Age of spiritual maturity. At age fifty, a person should be spiritually reconnected with the Ultimate and be synchronized with it. A matured person should know the answers to the questions: "Where did I come from?" "What is the purpose of my life?" and "Who am I?" During this stage, a person should be synchronizing life energies with the systems' needs according to mission and vision. Real life is only beginning, not ending.
Age of acceptance. At age sixty, a person is ready to take a spiritual journey that is the only way that he or she may actualize the self spiritually. Spiritual maturity will facilitate the acceptance of diversity and differences within the family or community and guide the community in leadership.
Age of unification. After the age of seventy, one can purify his or her mind and free the self from negative thoughts. The real self becomes outwardly apparent after it reconnects with the Ultimate and accepts the self and others. During this stage, retirement and detachment from worldly situations may be beneficial.
Funeral service. Confucians respect the end of the life by giving a sincere funeral service (Funeral Li/rite) to honor the dead and promote the social morality (Confucian Analects, Confucius 1971 [500 B.C.E.]). The name of the dead will be added to the shrine of the family hall as a part of the dead (Yin) family.
Honor the ancestors. Confucians promote ancestor worship by burning paper money and offering food to respect the lives of the dead on April fifth. This ritual respects ancestors and educates younger generations. It becomes a community asset of honoring the self as well as the family.
Teacher's day. This is an elaborate ceremony to honor Confucius at Taipei's Confucian Temple on Confucius's birthday, September 28. His birthday has been dedicated to honor all teachers as a teachers' day, which is a national holiday in Taiwan. Confucian music and dance are performed to honor Confucius and all teachers. The best gift to the teacher or helper may be a successful outcome of one's project, or letters of appreciation.
Family life and structural relations. The Confucian role approach (Chung 1993b, 1994) is based on the assumption that lawlessness and social problems are due to uncultivated individuals, a lack of morals in the social structure, and lack of adequate relationships.

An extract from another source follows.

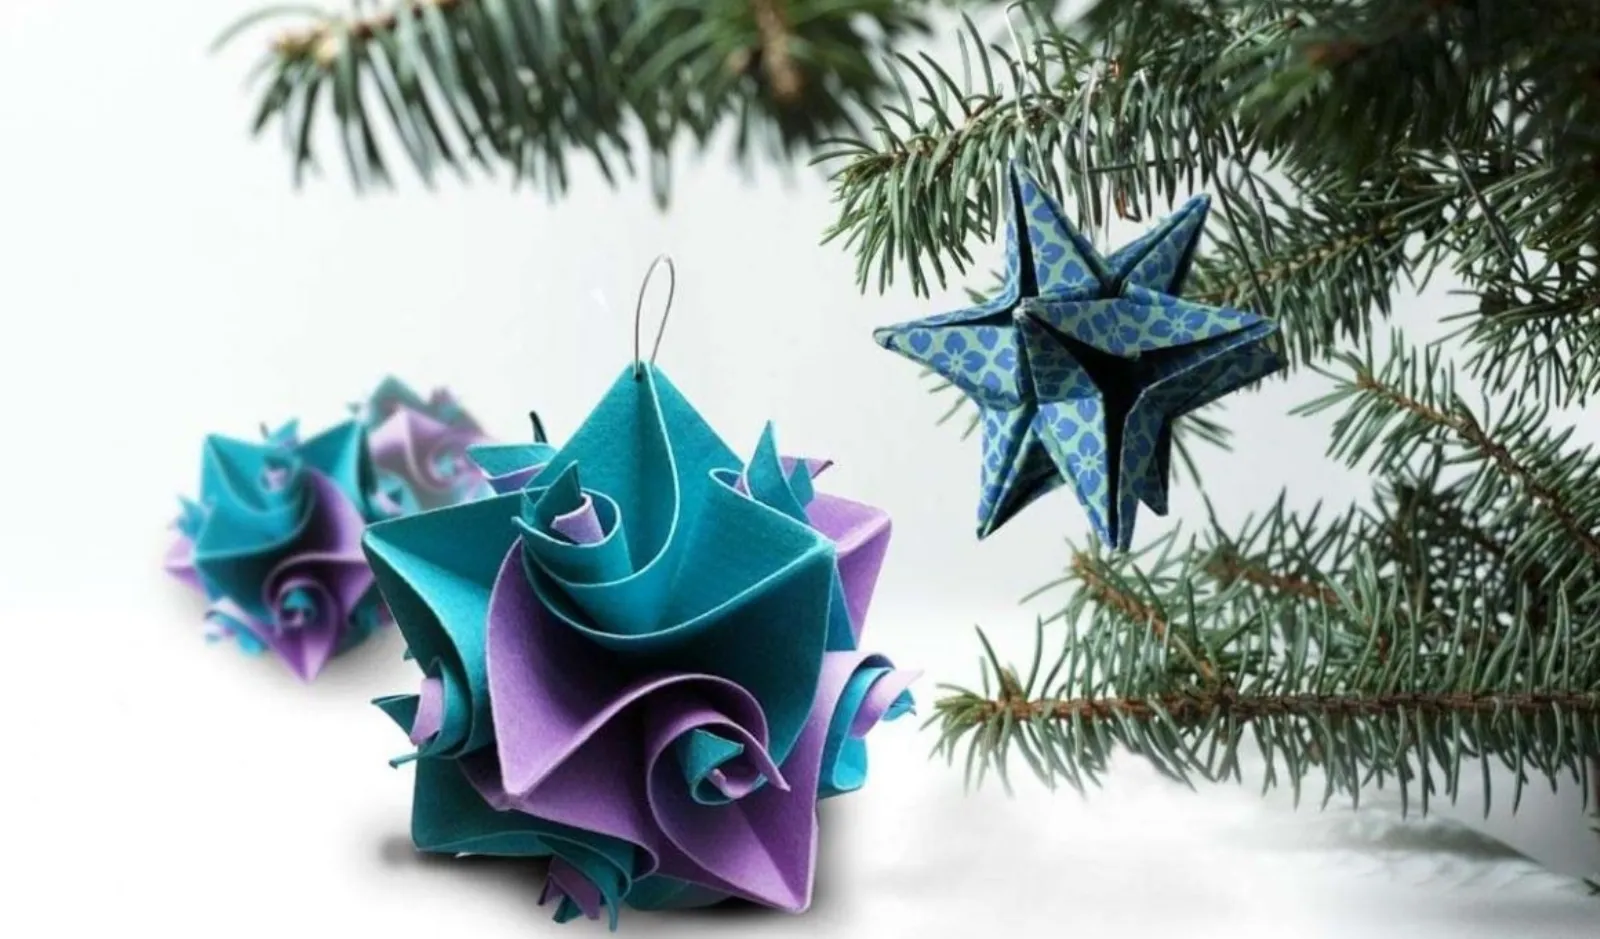 Origami Decorazioni Natalizie.Idee Da Copiare Per Realizzare Alberi Di Natale Originali

Confucius defined five social relationships on which Chinese and other Asian social structures and relationships are based. Various Asians still feel, profoundly, his influence in these areas in their daily life.
In societies that have been influenced by Confucius, the traditional social structure is based on five fundamental interpersonal relationships: superior-subordinate, parent-child, husband-wife, brothers, and friends (Chung 1992b). These relationships are arranged in a hierarchy based on the members' respective position and status. For example, the first superior-subordinate relationship requires loyalty to the government or one's superior on the job. In return, the employer takes care of the employees' needs. Second, the parent-child relationship requires filial piety; children should obey, honor, and respect their parents, and parents should love their children. The husband-wife relationship prescribes that the wife submit to the husband and the husband love the wife. Young brothers should respect the older brother, while the elders should love the young ones. Among friends, righteousness and trust are the rule.
Confucianism prescribes family relationships and indicates the degree of intimacy and obligations. Anyone who is within this network is considered part of the family. Otherwise, he or she is an outsider. As a member of the family, one enjoys membership privileges such as trust, intimacy, and sharing. Confucians promote universal brotherhood and sisterhood by respecting others and observing propriety (Confucian Analects, Confucius 1971 [500 B.C.E.]).